Problem:
Your answer must be only the lines below from the one containing "Chic: Vogue's Edward" through the one containing "Bradford Tim Hortons", copied exactly, with the pictures left out.

Data excerpts:
■ ■ ■ ■

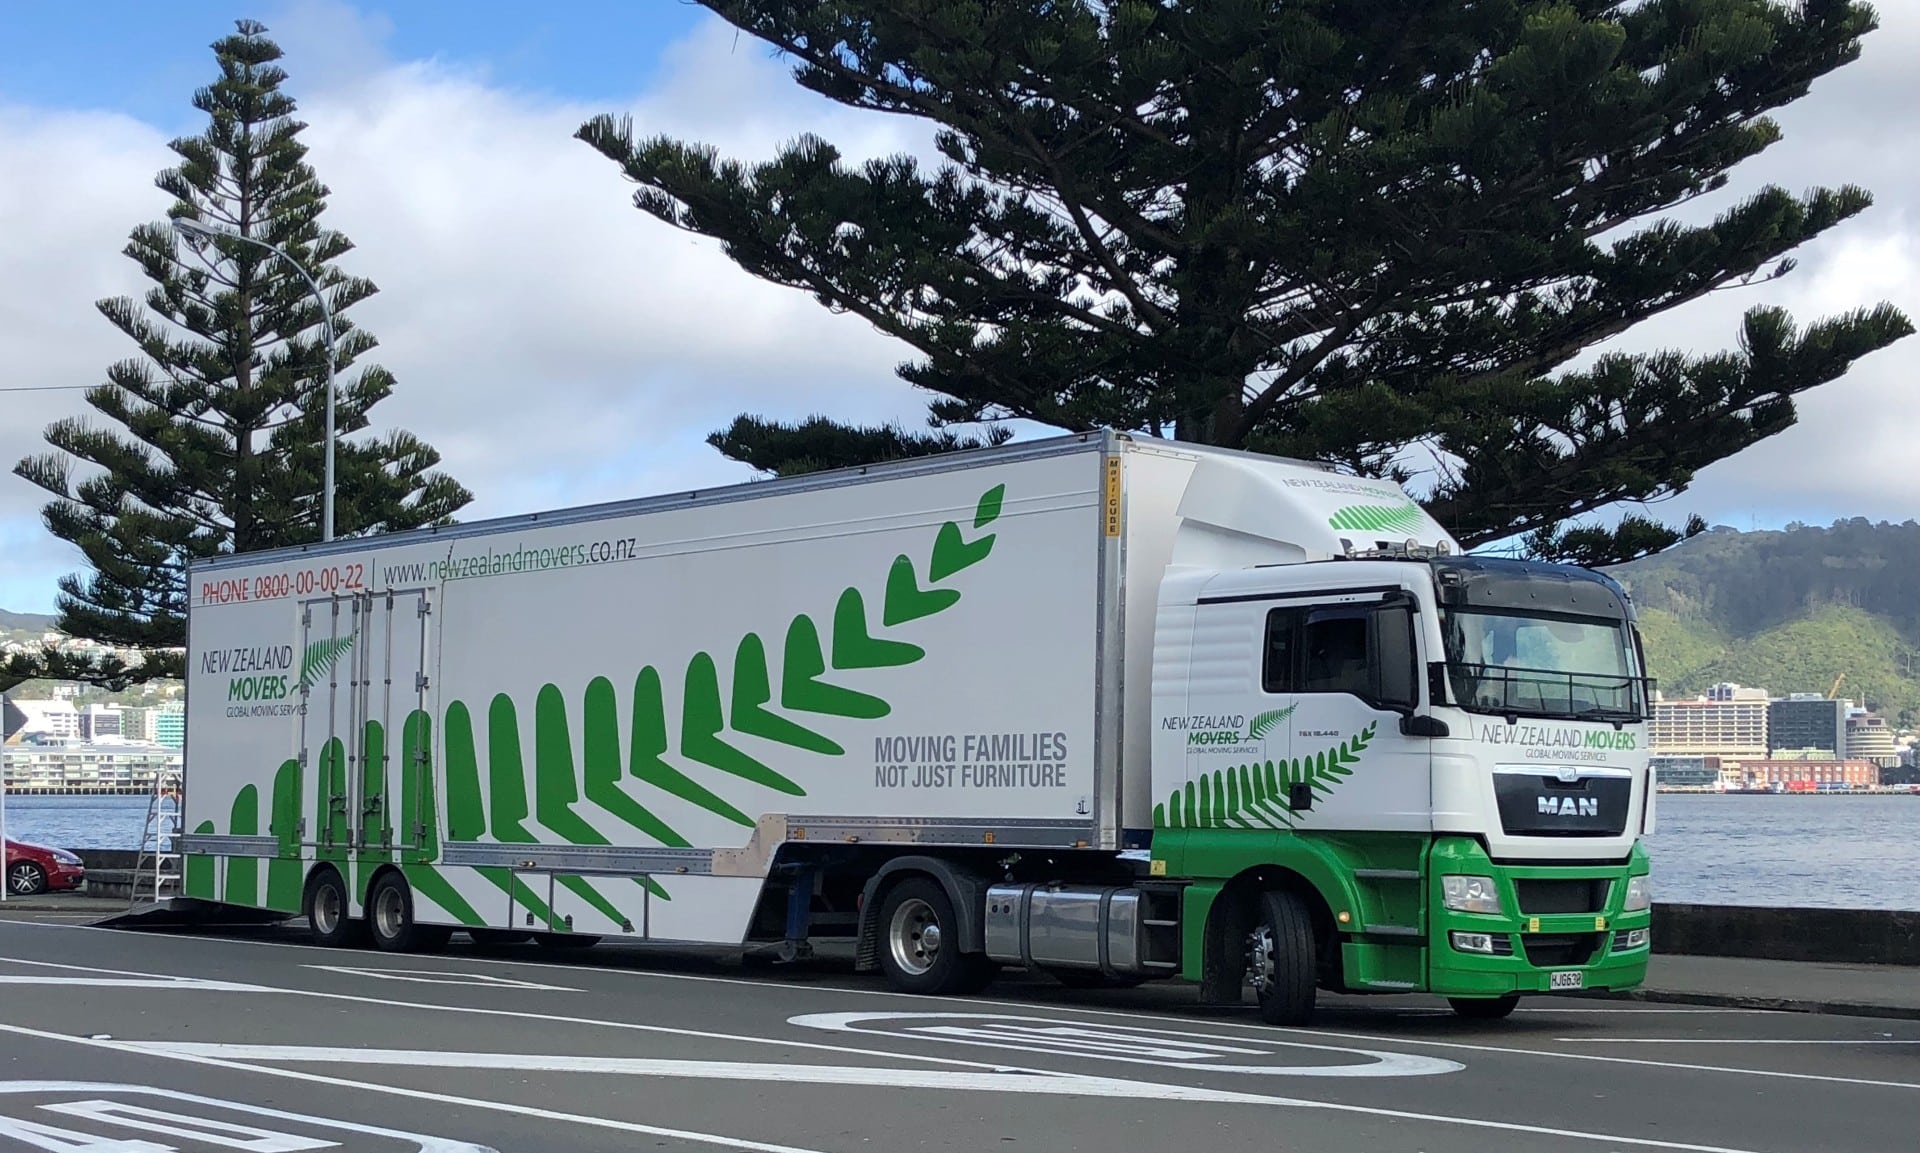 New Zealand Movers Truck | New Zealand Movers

■ ■ ■ ■

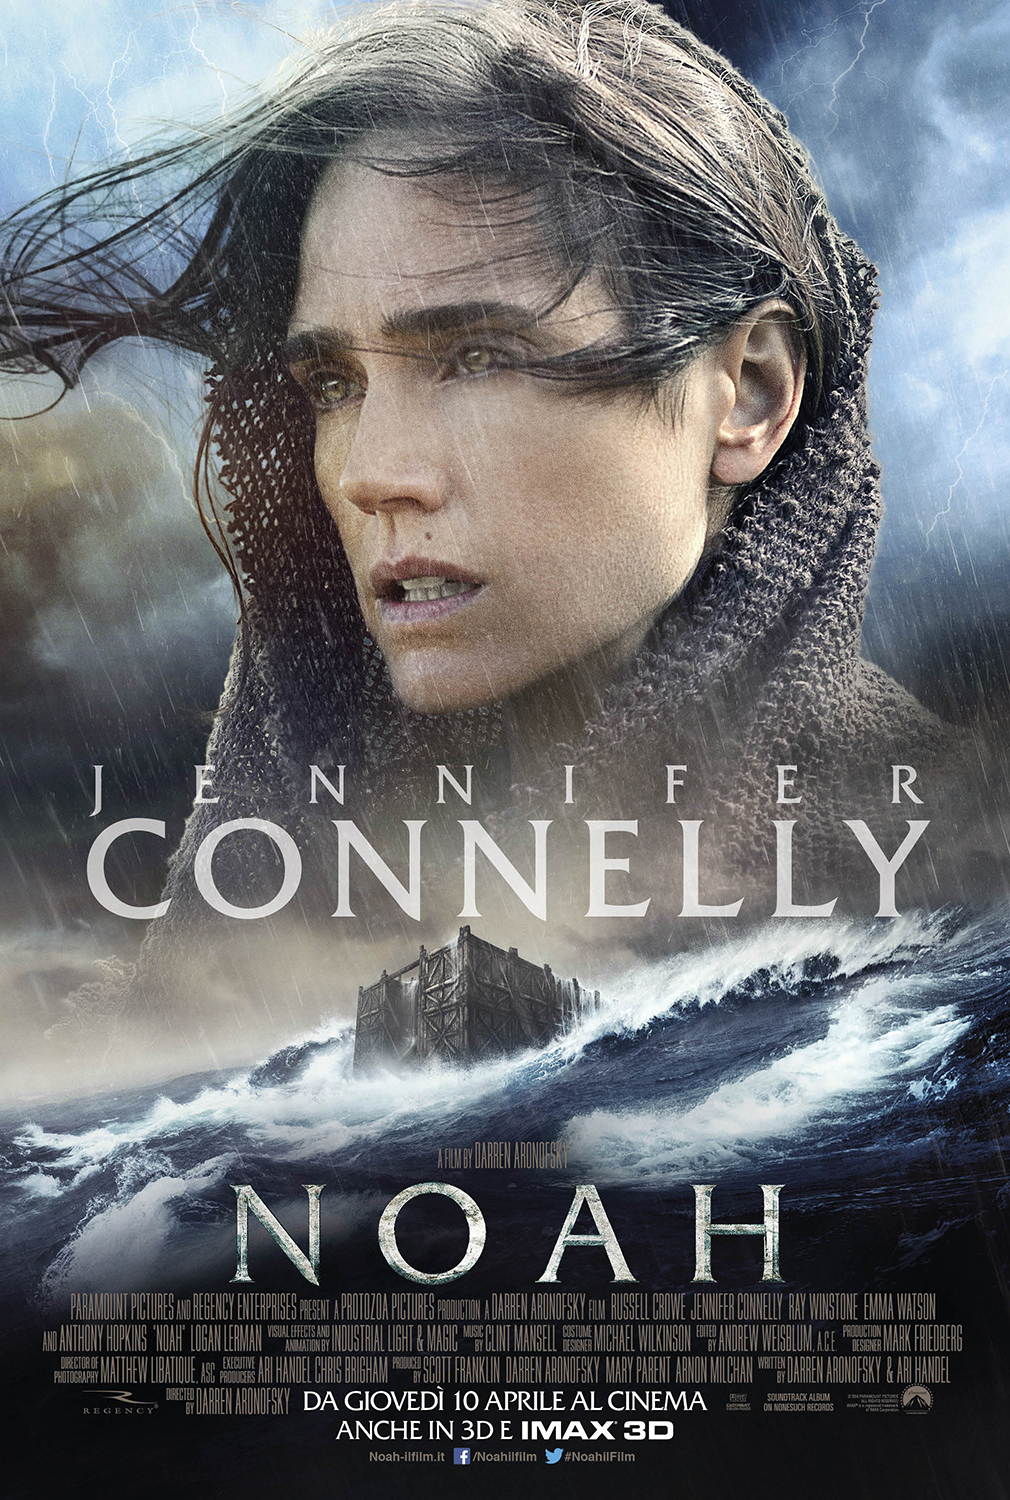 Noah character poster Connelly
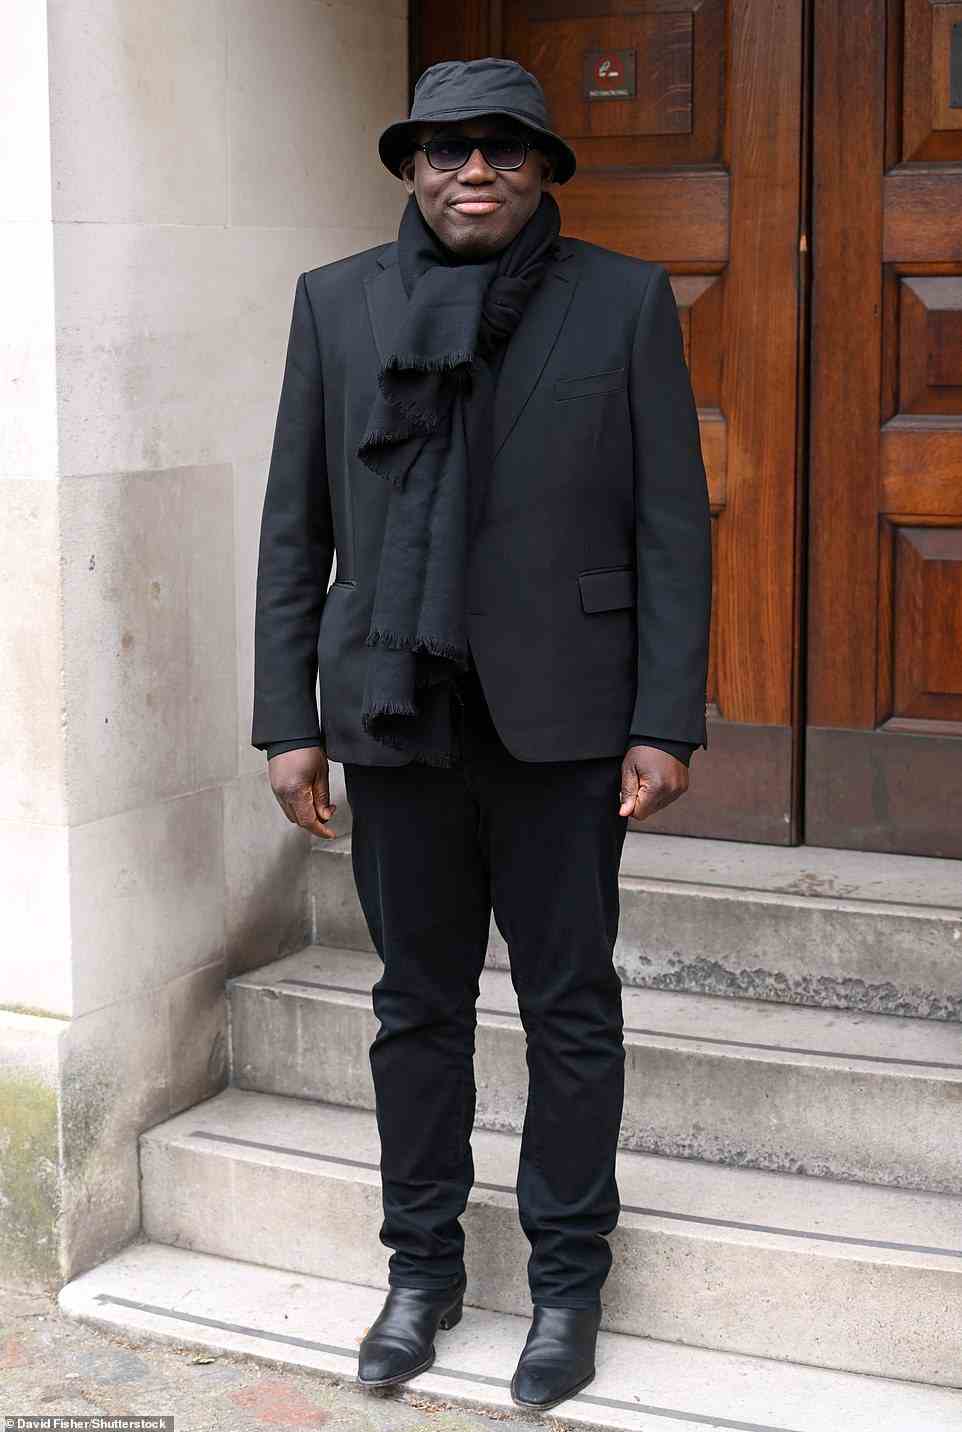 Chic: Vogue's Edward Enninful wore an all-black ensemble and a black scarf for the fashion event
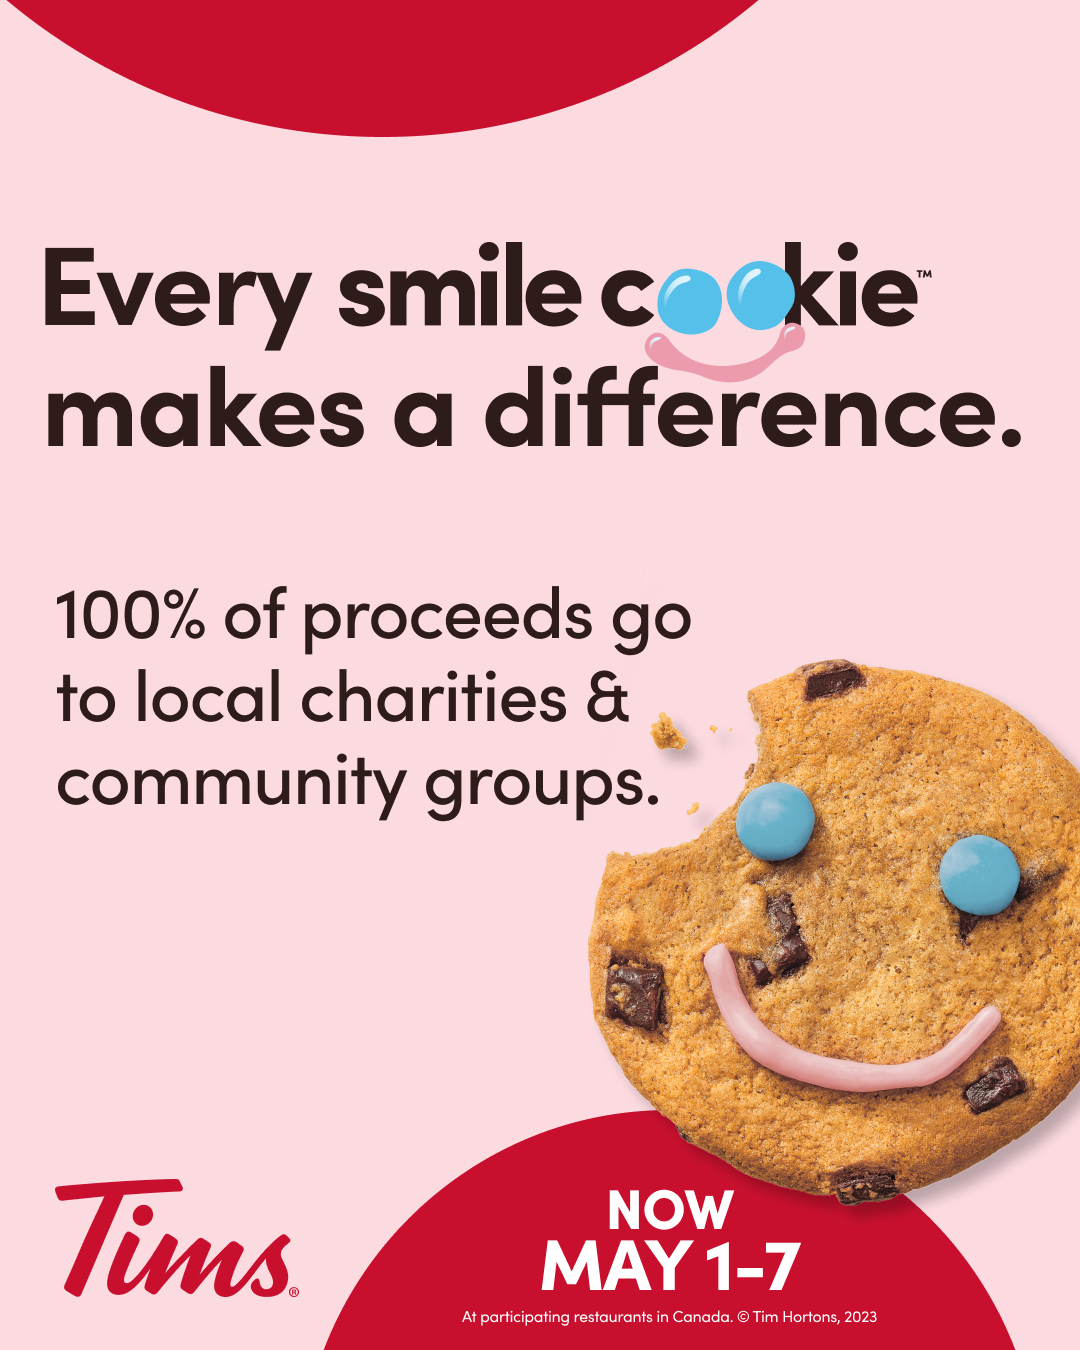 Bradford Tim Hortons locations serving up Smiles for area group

■ ■ ■ ■

Worked solution:
 Chic: Vogue's Edward Enninful wore an all-black ensemble and a black scarf for the fashion event
 Bradford Tim Hortons locations serving up Smiles for area group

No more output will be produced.